By partial fraction decomposition, we have $$g(\omega)=\frac{2a}{(\omega^2+a^2)(\omega^2+b^2)} = \frac{2a}{b^2 - a^2}(\frac{1}{\omega^2 + a^2} - \frac{1}{\omega^2 + b^2}) = \frac{2a}{b^2 - a^2}(\frac{1}{2ia}(\frac{1}{\omega-ia} - \frac{1}{\omega+ia}) - \frac{1}{2ib}(\frac{1}{\omega-ib} - \frac{1}{\omega+ib}))$$If we define $$\mathcal{F}\{x(t)\} = X(i\omega) = \int_{-\infty}^{+\infty} x(t)e^{-i\omega t}dt$$ The inverse transform is given by $$\mathcal{F}^{-1}\{X(i\omega)\} = x(t) = \frac{1}{2\pi} \int_{-\infty}^{+\infty} X(i\omega)e^{i\omega t}d\omega$$ It's easy to show that if $x(t) = e^{-at}u(t), \ \ a\gt0$ then $X(i\omega) = \frac{1}{a+ i\omega}$. Using this result, $$\mathcal{F}^{-1}\{\frac{1}{\omega - ia}\} = ie^{-at}u(t) \\ \mathcal{F}^{-1}\{\frac{1}{\omega + ia}\} = -ie^{at}u(-t)$$We should put these facts together.

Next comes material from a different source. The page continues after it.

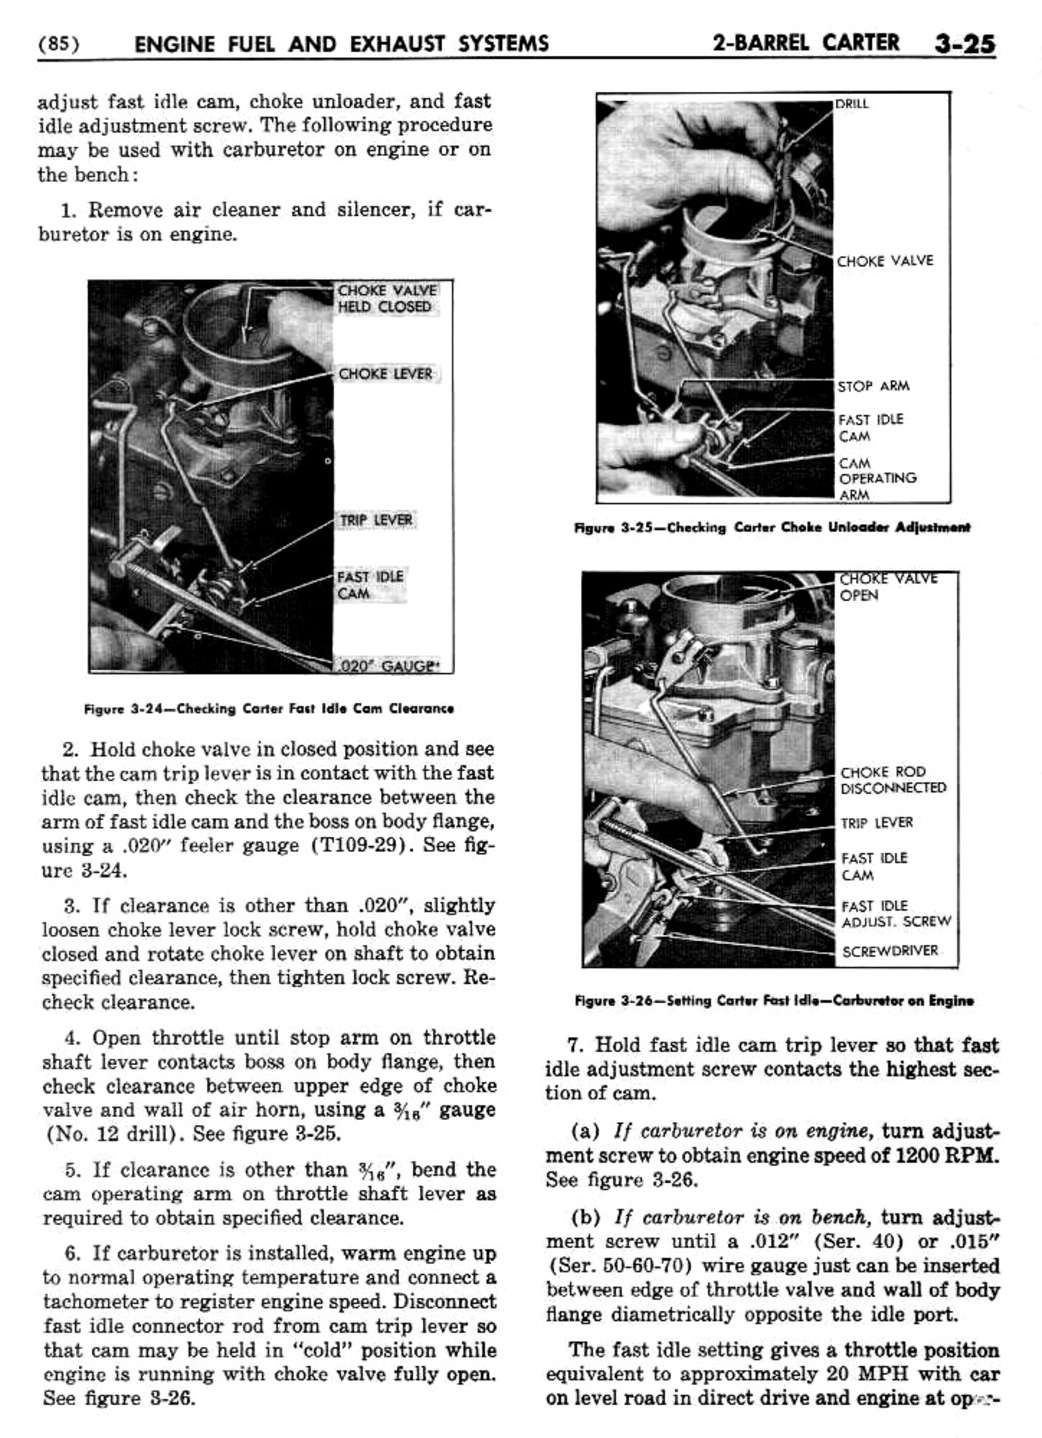 n_04 1955 Buick Shop Manual - Engine Fuel & Exhaust-025-025.jpg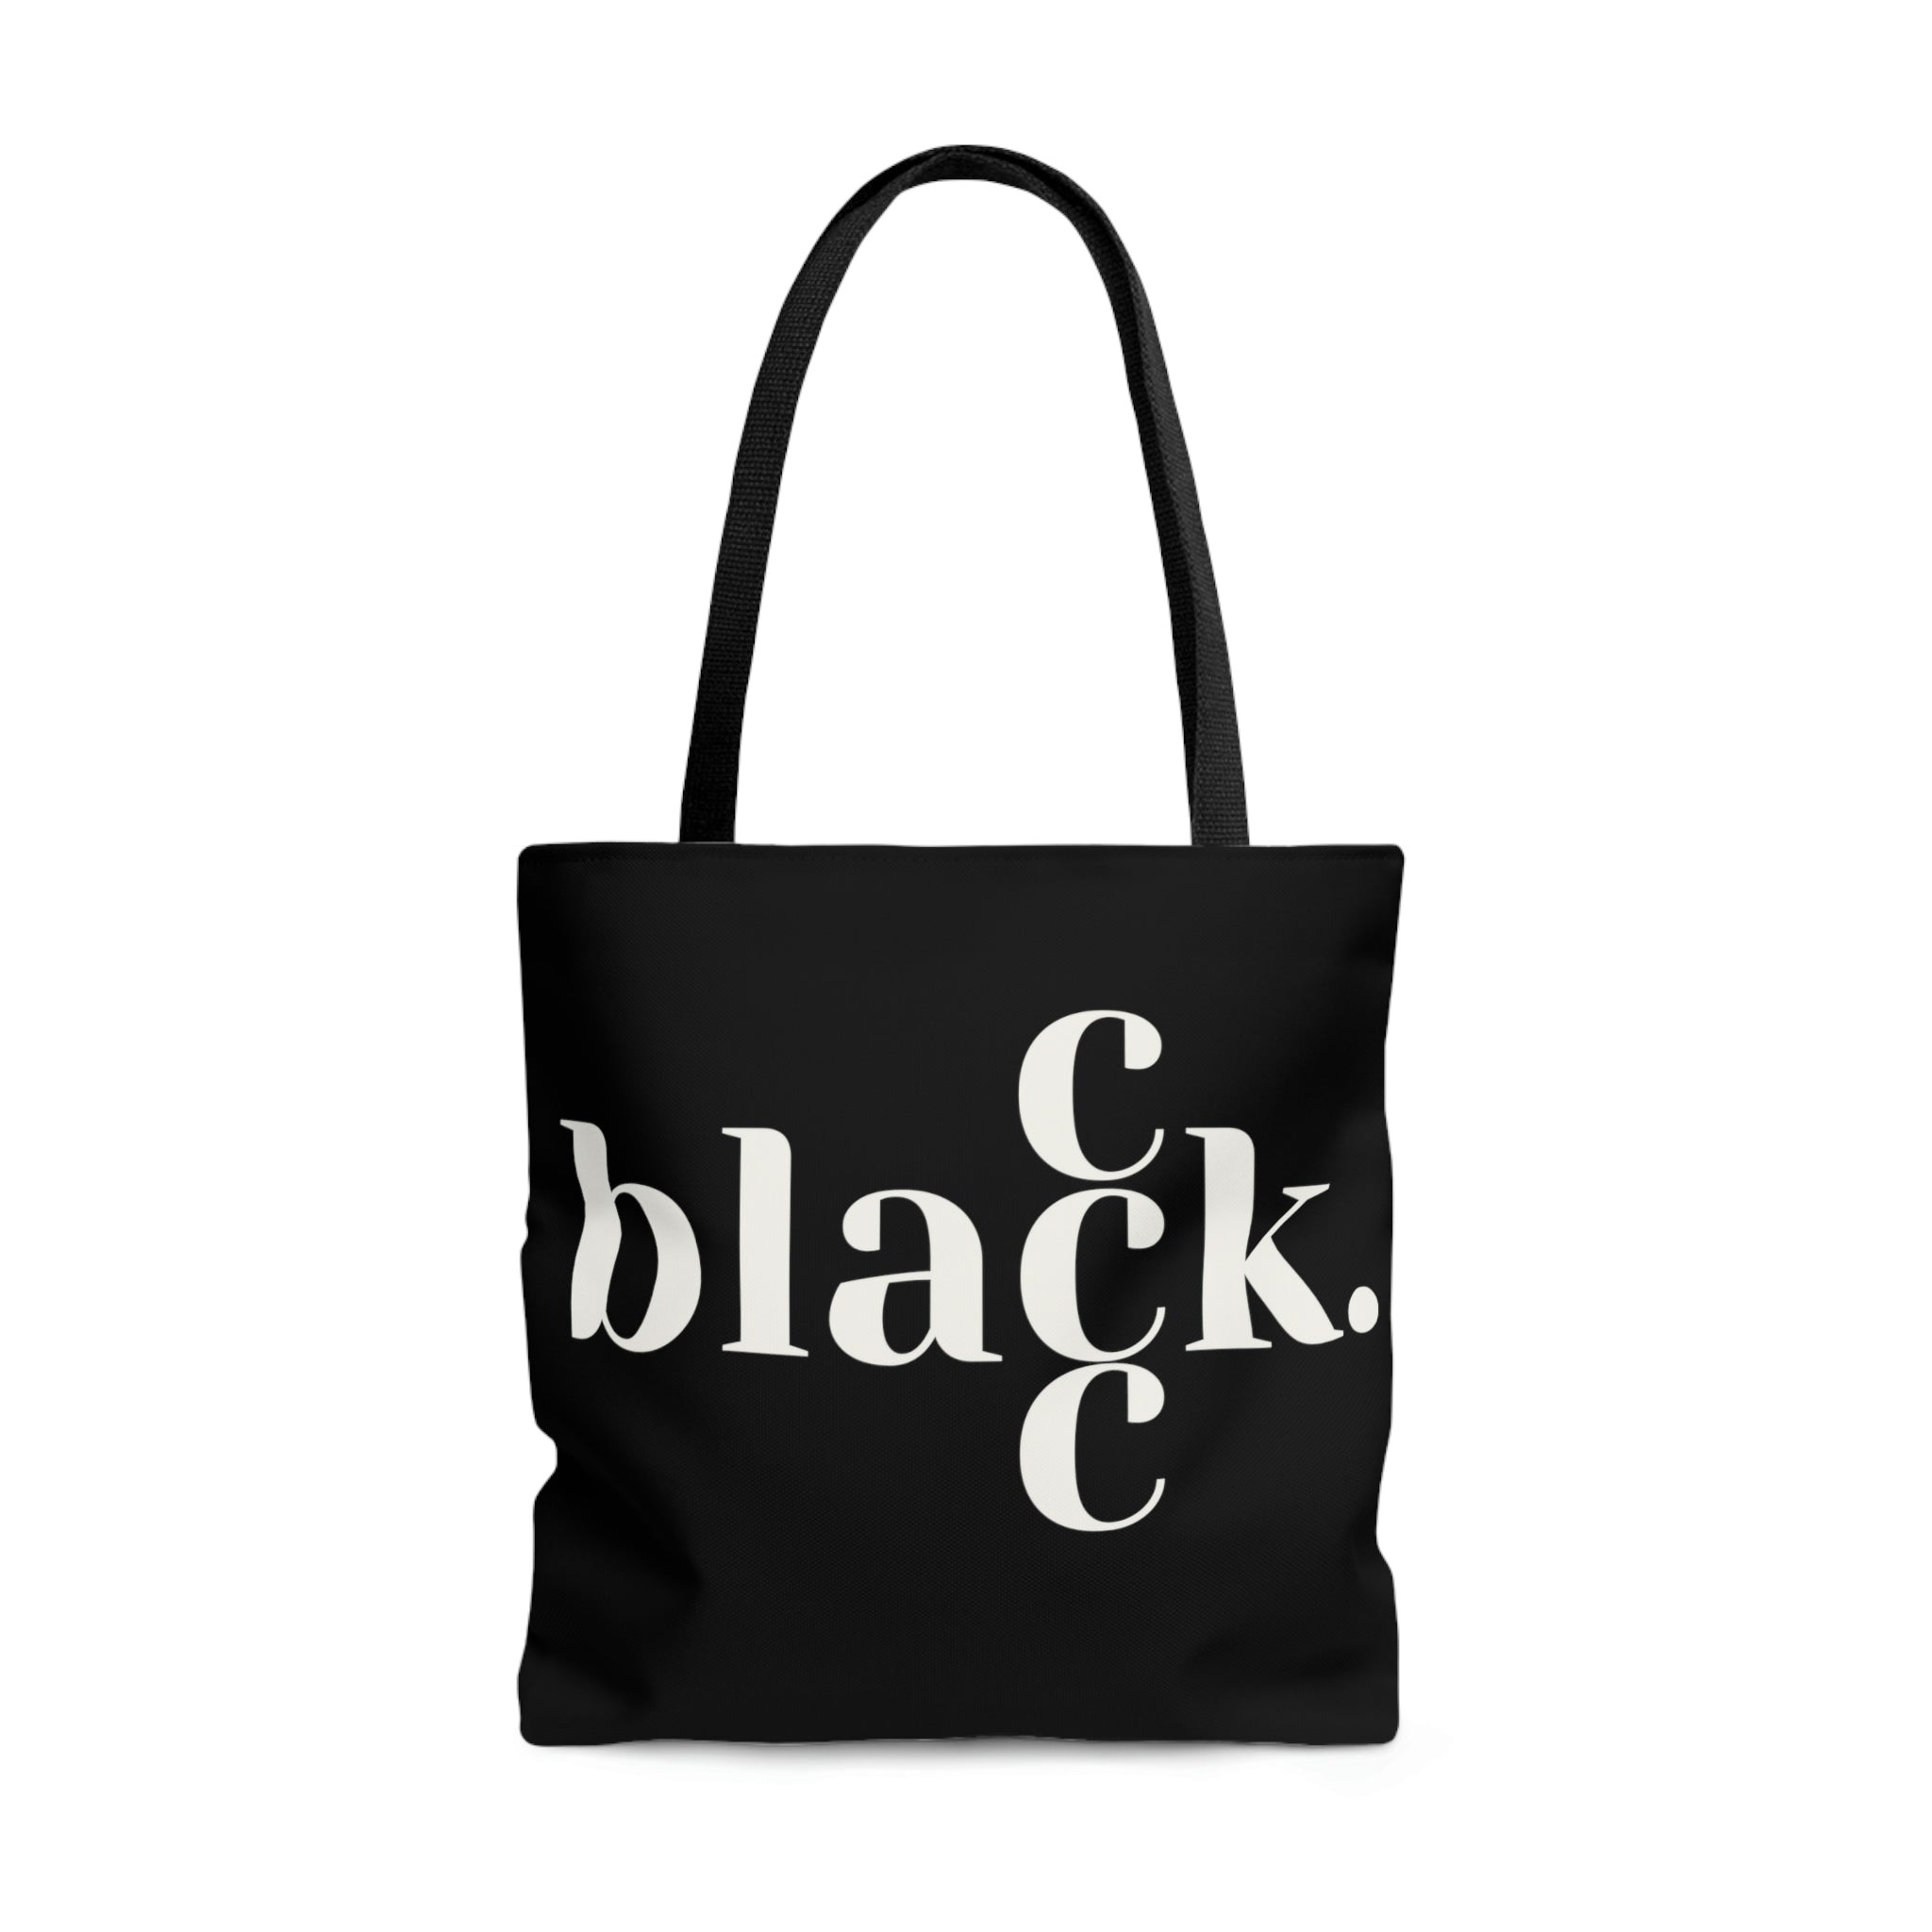 BLACK CCC (BLACK) Tote Bag- Large

We are interested in $h(t) = 2\pi\mathcal{F}^{-1}\{g(\omega)\}$. Using linearity property, we have $$h(t) = \frac{2a\times 2\pi}{b^2 - a^2}(\frac{1}{2ia}(\mathcal{F}^{-1}\{\frac{1}{\omega-ia}\} - \mathcal{F}^{-1}\{\frac{1}{\omega+ia}\}) - \frac{1}{2ib}(\mathcal{F}^{-1}\{\frac{1}{\omega-ib}\} - \mathcal{F}^{-1}\{\frac{1}{\omega+ib}\})) = \frac{2a\times 2\pi}{b^2 - a^2}(\frac{1}{2ia}(ie^{-at}u(t) +ie^{at}u(-t)) - \frac{1}{2ib}(ie^{-bt}u(t) +ie^{bt}u(-t))) = \frac{2a\times 2\pi}{b^2 - a^2}(\frac{e^{-a|t|}}{2a} - \frac{e^{-b|t|}}{2b})$$
Also we can check the result using Mathematica. Entering
Assuming[a > 0 && b > 0,
InverseFourierTransform[(2 a/((w^2 + a^2) (w^2 + b^2))) , w , t ,
FourierParameters -> {1, -1}]]
gives
$$\frac{1}{b(b^2 - a^2)}((b e^{a t} - a e^{b t})u(-t)
+ (b e^{-a t} - a e^{-b t}) u(t))$$this can be simplified to $$\frac{1}{b(b^2 - a^2)}(be^{-a|t|} - ae^{-b|t|}) = \frac{1}{(b^2 - a^2)}(e^{-a|t|} - \frac{a}{b}e^{-b|t|})$$
which agrees with our previous result since $$h(t) = \frac{2\pi}{b^2 - a^2}(e^{-a|t|} - \frac{a}{b}e^{-b|t|})$$
Note that there are various ways for calculating $\mathcal{F}^{-1}\{\frac{1}{\omega^2 + a^2}\}$. See for example this and this.